There remains one last cartridge to play, this unique publication on a possible infection of the bacteria prevotella by SARS-CoV-2 which would then be more cunning than we think and would behave like bacteriophage, which could explain the modification of this bacteria, becoming more aggressive. As well as abnormalities observed on the viral load, as if the virus was hiding in the bacteria.
Obviously, this data cannot enter into the argumentation for lack of additional studies carried out by the virologists. In support of this hypothesis, SARS-type coronaviruses are capable of modifying the membrane permeability of bacteria E. See this reference :
Another detail, this study showing a link between intestinal microbiota and coronavirus : ” We also found that coronaviruses receptors could be elevated in the presence of both invasive bacteria and their counterpart, probiotics. We demonstrated here that enterocytes act as a conserved cell reservoir for coronaviruses during their evolutions, which should not be ignored in the investigation of coronavirus diagnosis and treatment strategies. ”
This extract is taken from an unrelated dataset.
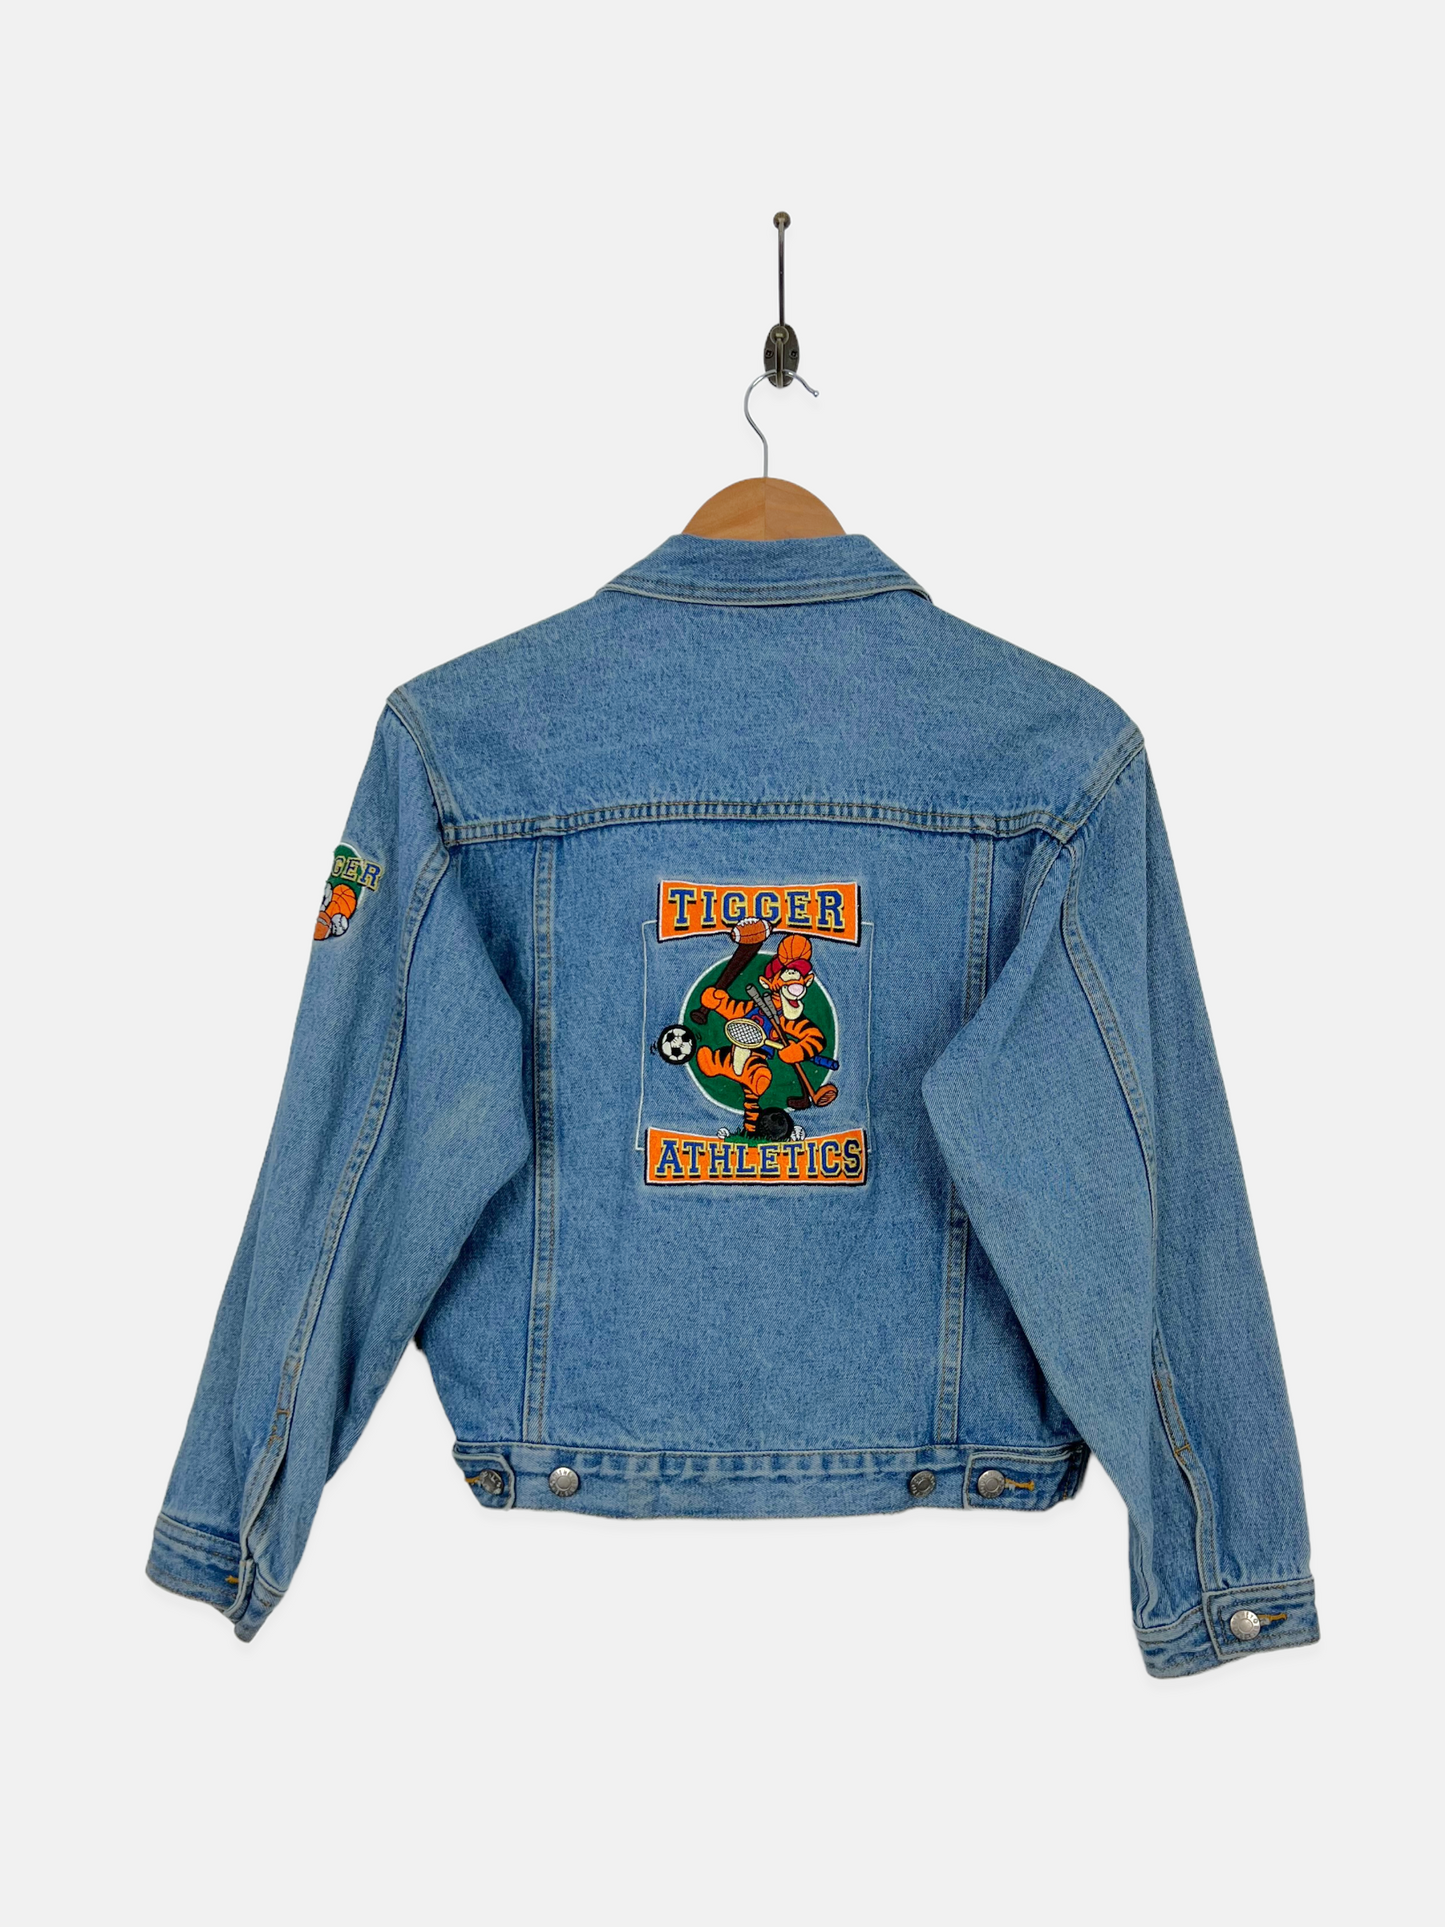 90's Disney Tigger Athletics Embroidered Vintage Denim Jacket Size 4-6

We now have the clues to a disease
Covid-19, whose affections have a double origin, viral and bacterial, and this, sooner than we think, in other words, well before stage 2 then 3 and bacterial complications observed and known for a long time . A sort of atypical duo played by two microbes.
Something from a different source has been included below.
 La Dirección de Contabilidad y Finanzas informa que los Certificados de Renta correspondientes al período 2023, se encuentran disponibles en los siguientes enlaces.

There are therefore two agents that combine to infect patients with Covid-19. It seems that an undoubtedly unknown interaction means that viruses and bacteria, notably prevotella , seem to interact. As if the bacterium had used the viral genome to modify itself, whereas this same genome uses the bacterium to stay, even hide, which explains the jokes in the analysis of viral load. In other words, there would occur, very early, a symbiosis between bacteria and the SARS-CoV-2 virus which would complement each other to infect and attack the patient. It’s fairly new, but that’s how science advances.
The atypical development of this disease, with ups and downs, may well be linked to this double invasion, or at least a first phase of viral infection which, once in the body, activates the bacteria which launch a second attack. . The development of the disease is consistent with a double infection, a double set of two accomplices. This second phase would be present from stage 1. And therefore, it would not be chloroquine but azithromycin which represents the first therapeutic principle. And it should then be administered from stage 1, when the symbiosis virus bacteria begins. It’s to be tested, without using chloroquine
The bacterium prevotalla is it part of the sensitivity spectrum of azithromycin ?
The answer is yes. This would explain the effect of azithromycin in the results of Didier Raoult on the reduction of viral load. FYI, this antibiotic has fallen into the public domain, laboratories around the world produce it and market it in generic form.